Marshall McLuhan took on that challenge is his media research and publications more than 40 years ago. One of the predominant critiques of his theories was that they sounded good, but what did they really mean? For example, he classified various media as hot or cool. OTOH, we know what he’s talking about when he says television is cool, and radio is hot, based on whether we are active participants (hot) or passive receivers (cool). We can say TV is cool because we can have it on in bright rooms as more or less background subtext, that we can ignore if we want. Or we can sprawl on the couch and space out to some inconsequential rerun of Baywatch. 

But if we really drill down and think comprehensively, we notice that just saying TV is a “cool medium” isn’t telling us all we need to know about its inherent qualities and the elements of our experience with it. There’s much more going on…such as, what is the connection between experiencing TV and our unconscious processes?

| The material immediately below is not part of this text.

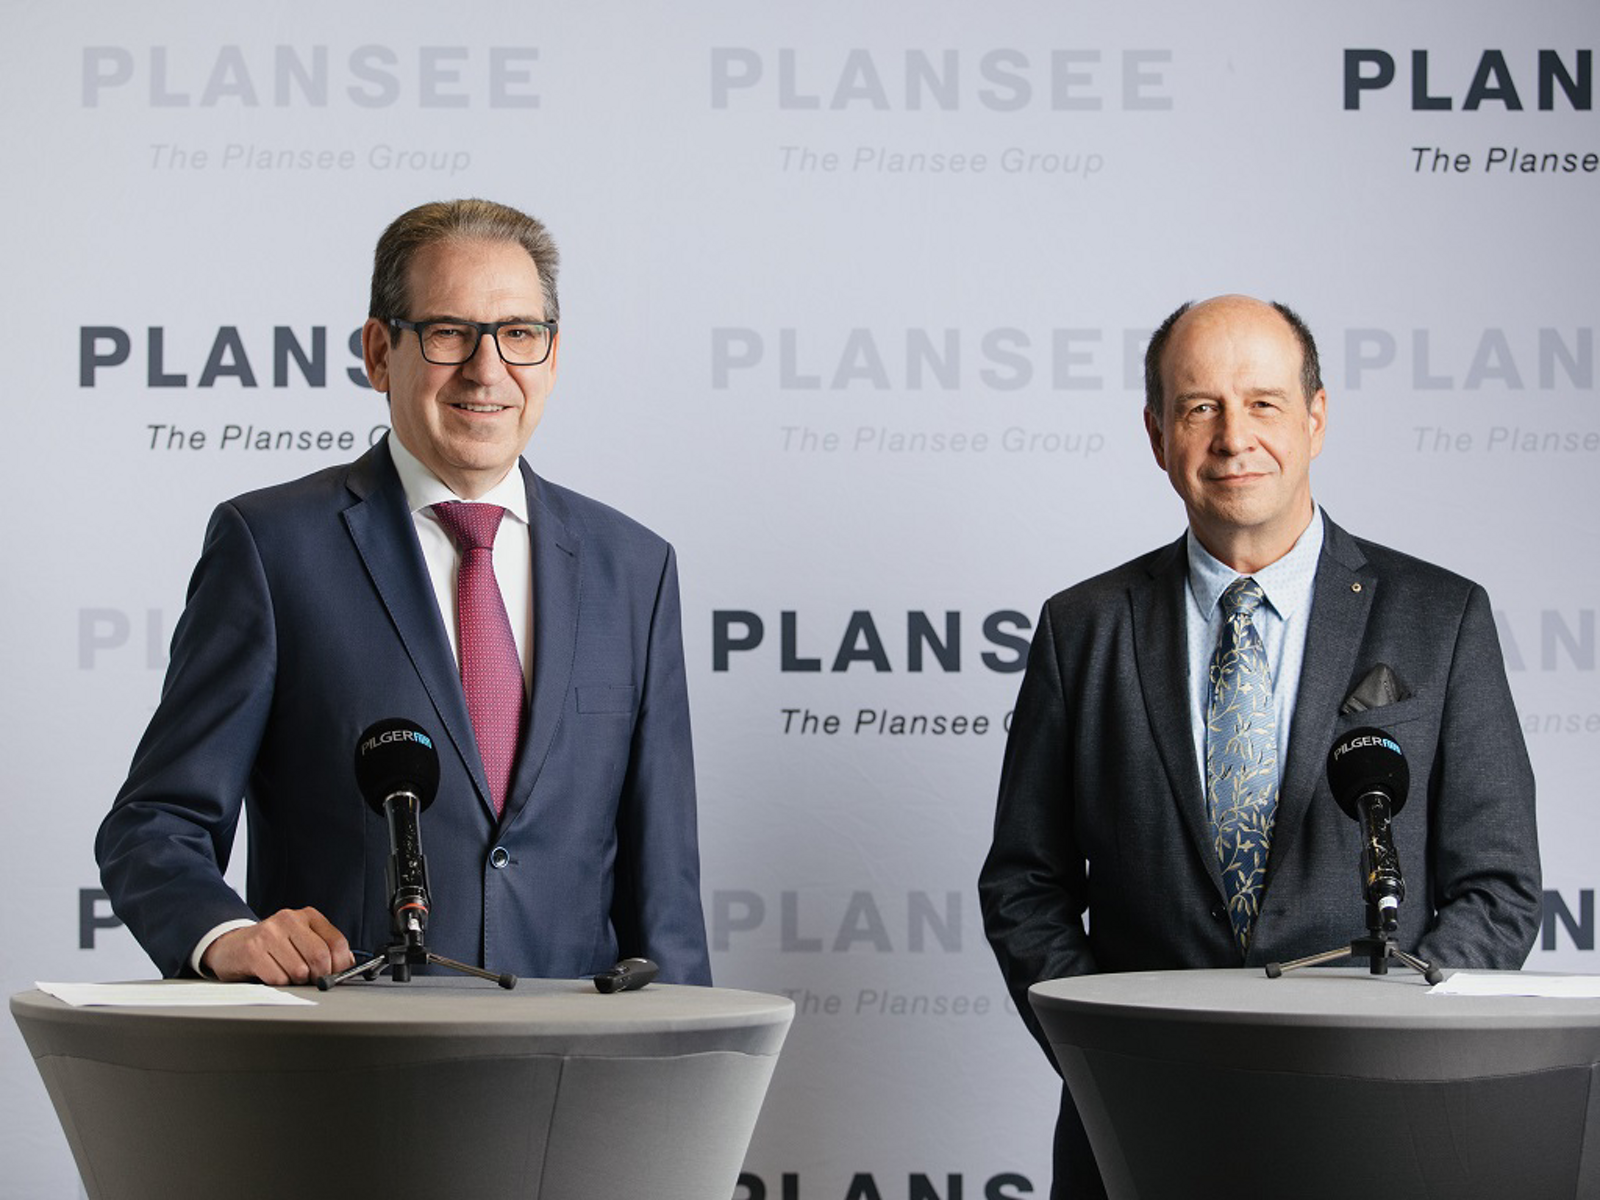 Press conference 2021, Karheinz Wex and Dr Wolfgang Köck

What are we “taking in” that we are unaware of? There were the famous experiments that said that images flashed very very briefly on the screen would be ignored by out conscious mind, but received by our unconscious mind..so we could be sold soap and not know it. A sort of Manchurian Candidate experience.

Be that as it may… we are far from really knowing how our unconscious works today, and how our conscious minds work as well, and how our senses, nerves, and brain parts create our perception and our “living experience”. Even a hundred years after Freud and Jung, and half that after McLuhan, we are still understanding through a glass darkly. But we need to know in order to design media experiences to best enhance learning.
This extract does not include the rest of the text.